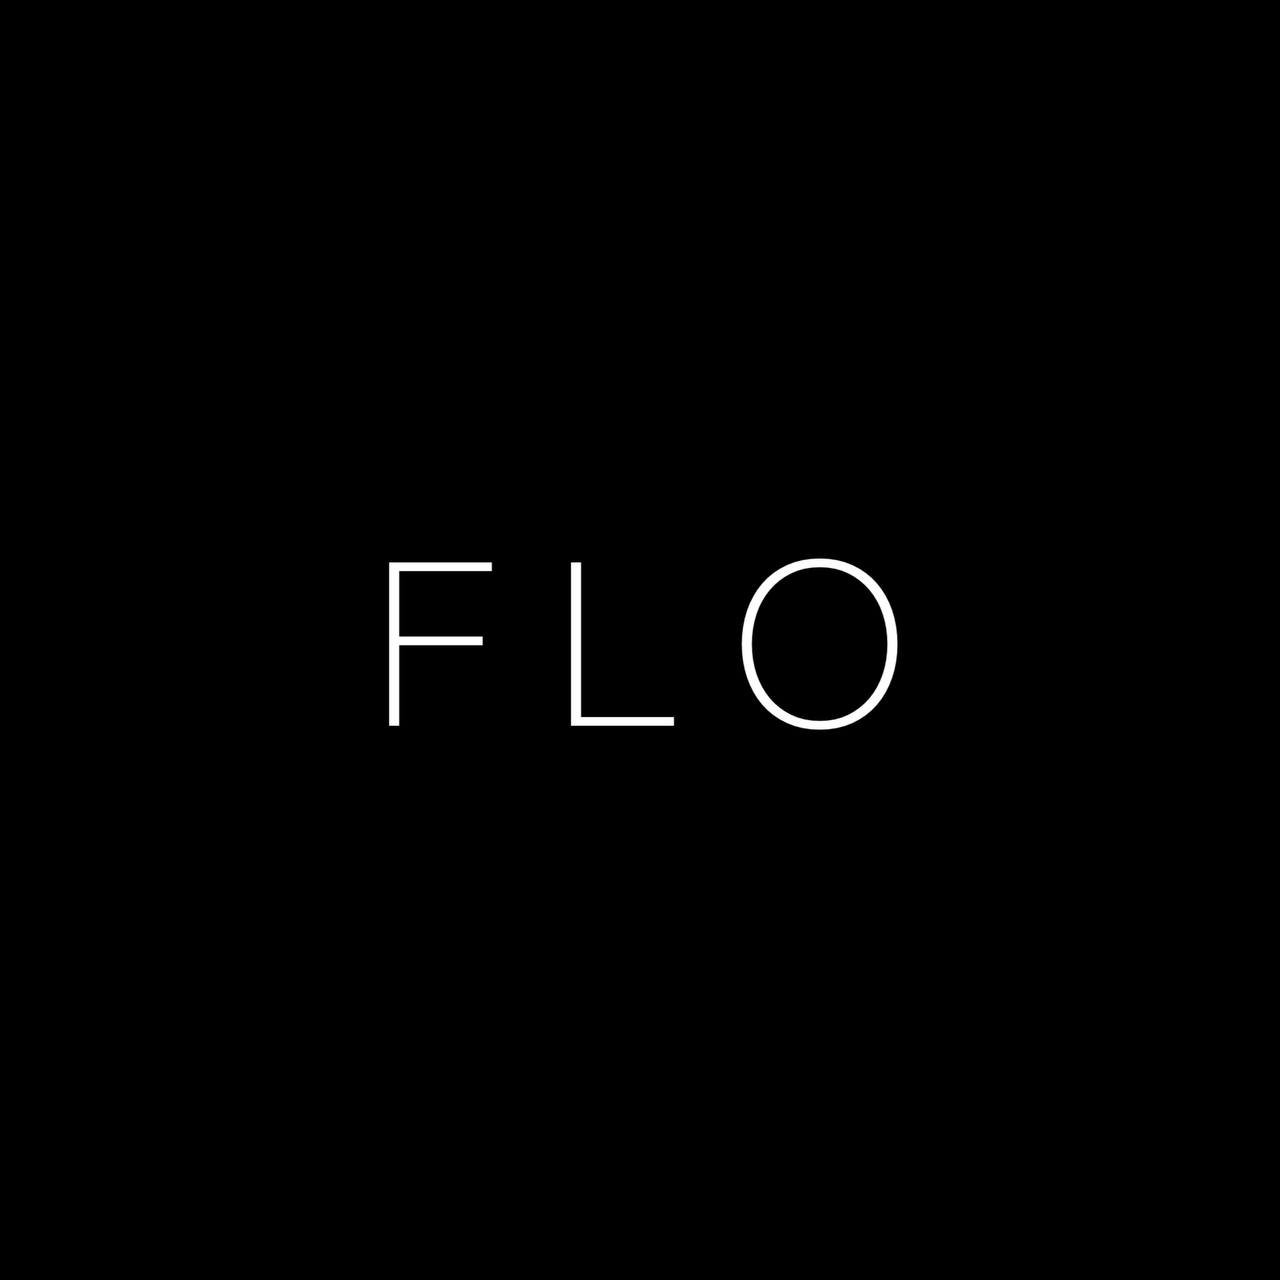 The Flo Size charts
---
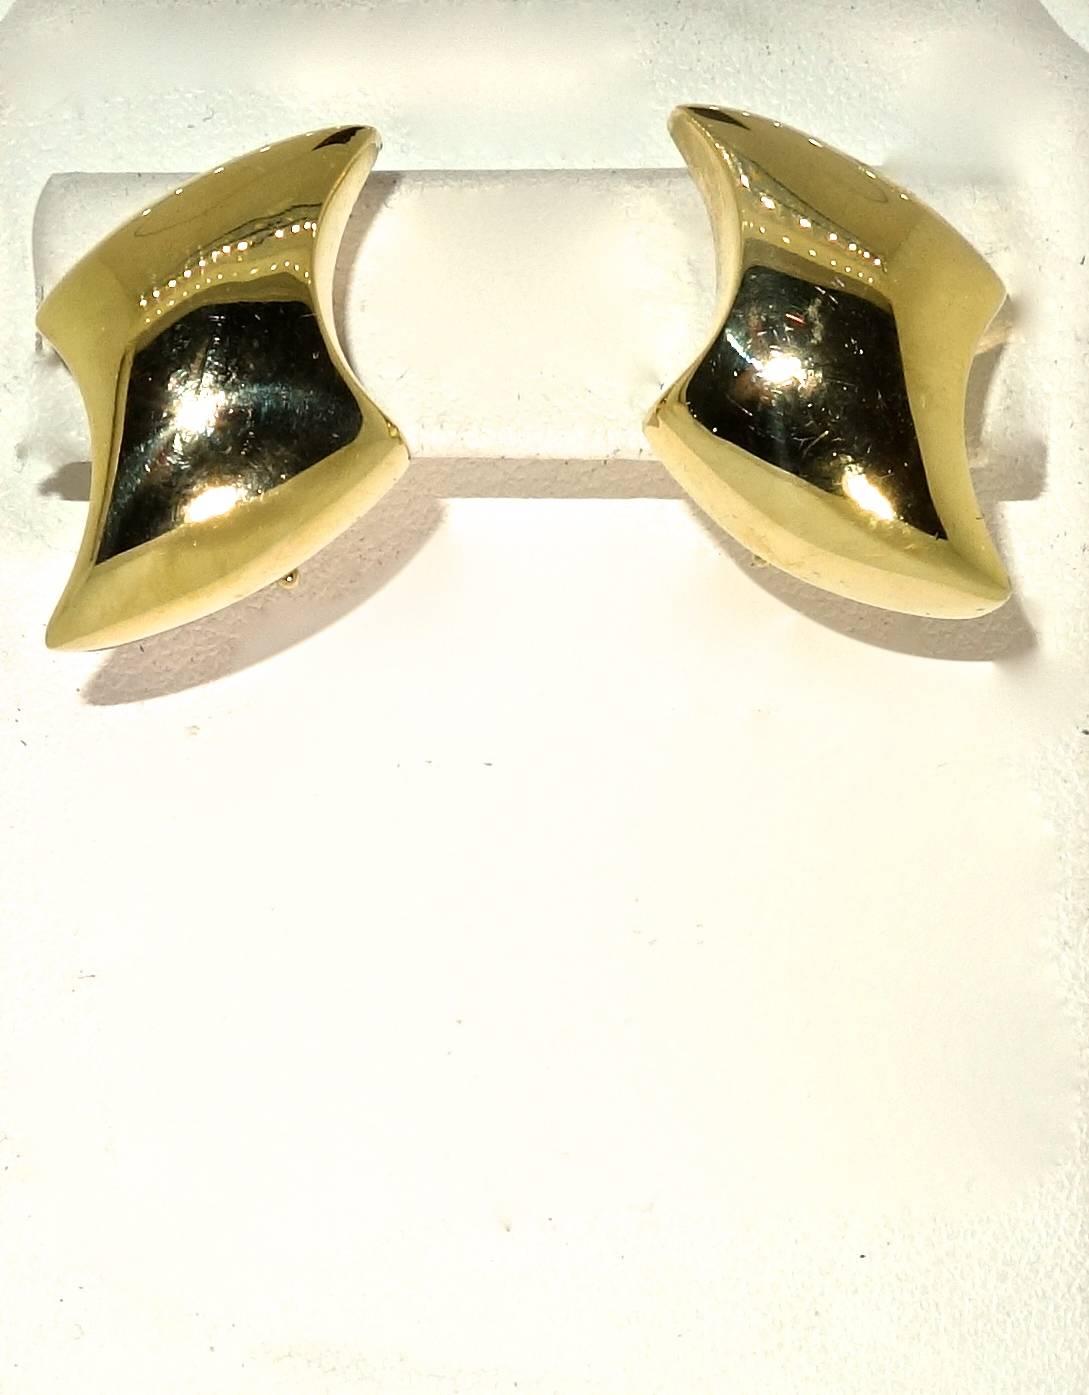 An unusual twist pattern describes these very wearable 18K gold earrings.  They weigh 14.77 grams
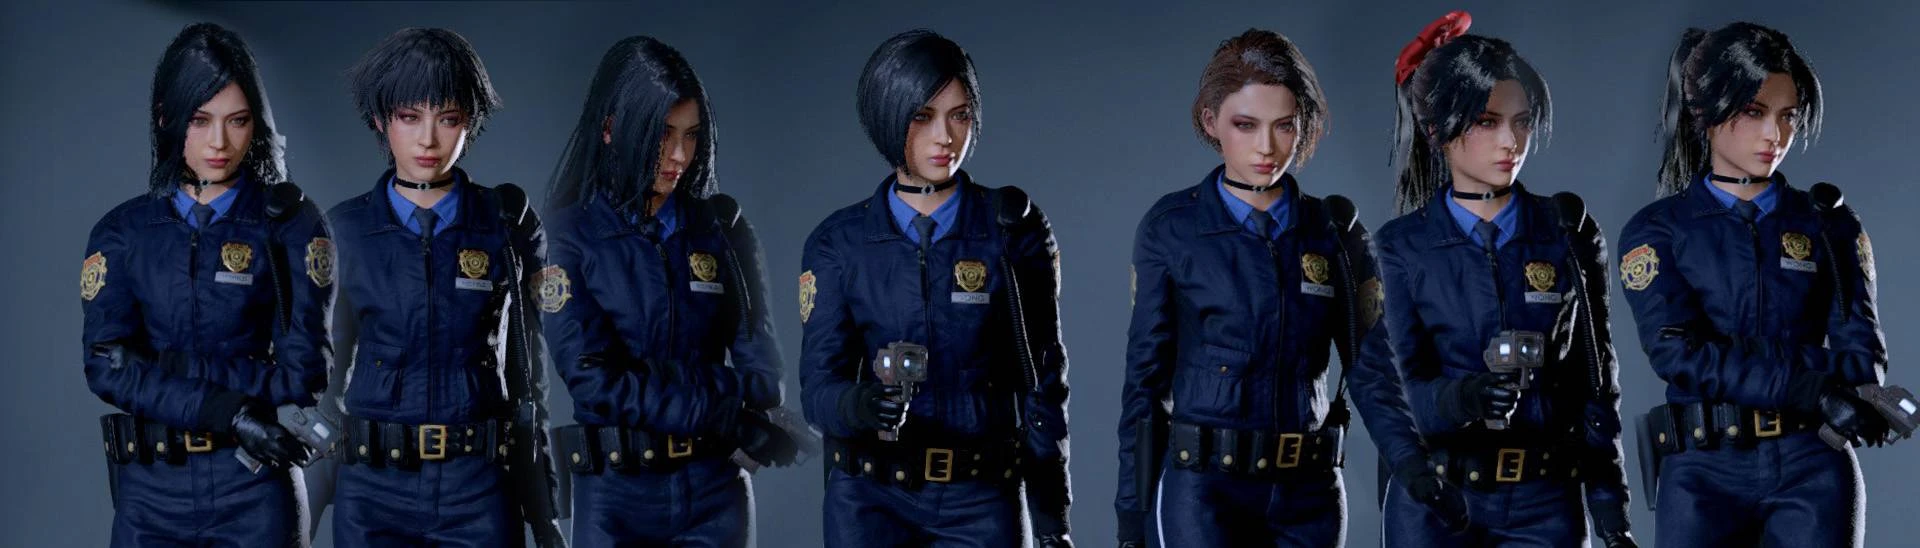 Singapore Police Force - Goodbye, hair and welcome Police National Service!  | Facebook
* * *
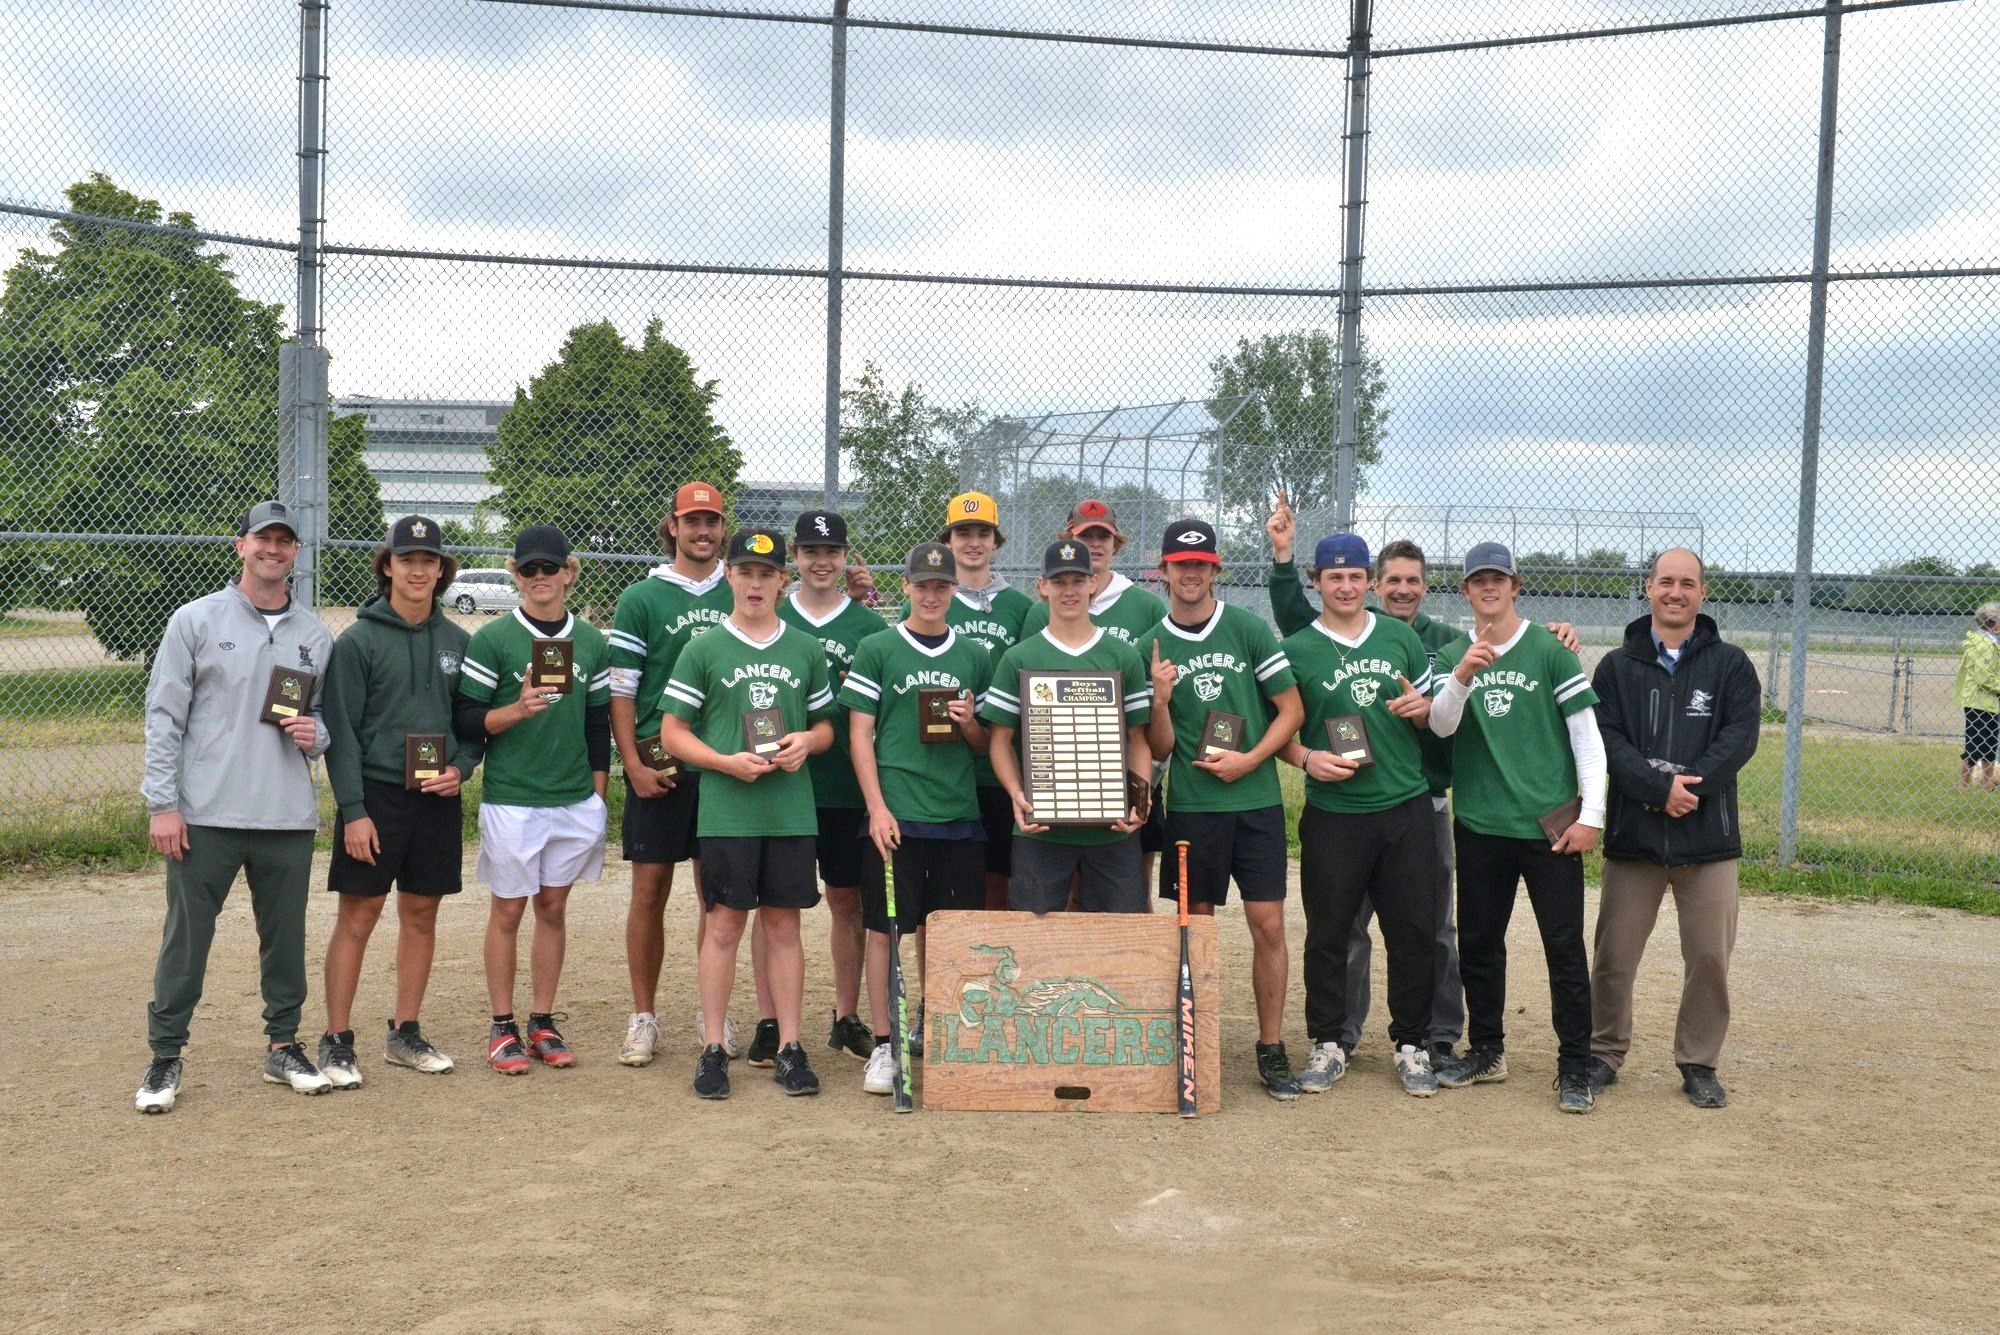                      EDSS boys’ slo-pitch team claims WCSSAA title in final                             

ACTIVITY:
The answer is those lines of the material above that run from the one containing "An unusual twist" up to and including the one containing "Singapore Police Force", restated exactly and without images.

WRITTEN ANSWER:
 An unusual twist pattern describes these very wearable 18K gold earrings.  They weigh 14.77 grams
 Singapore Police Force - Goodbye, hair and welcome Police National Service!  | Facebook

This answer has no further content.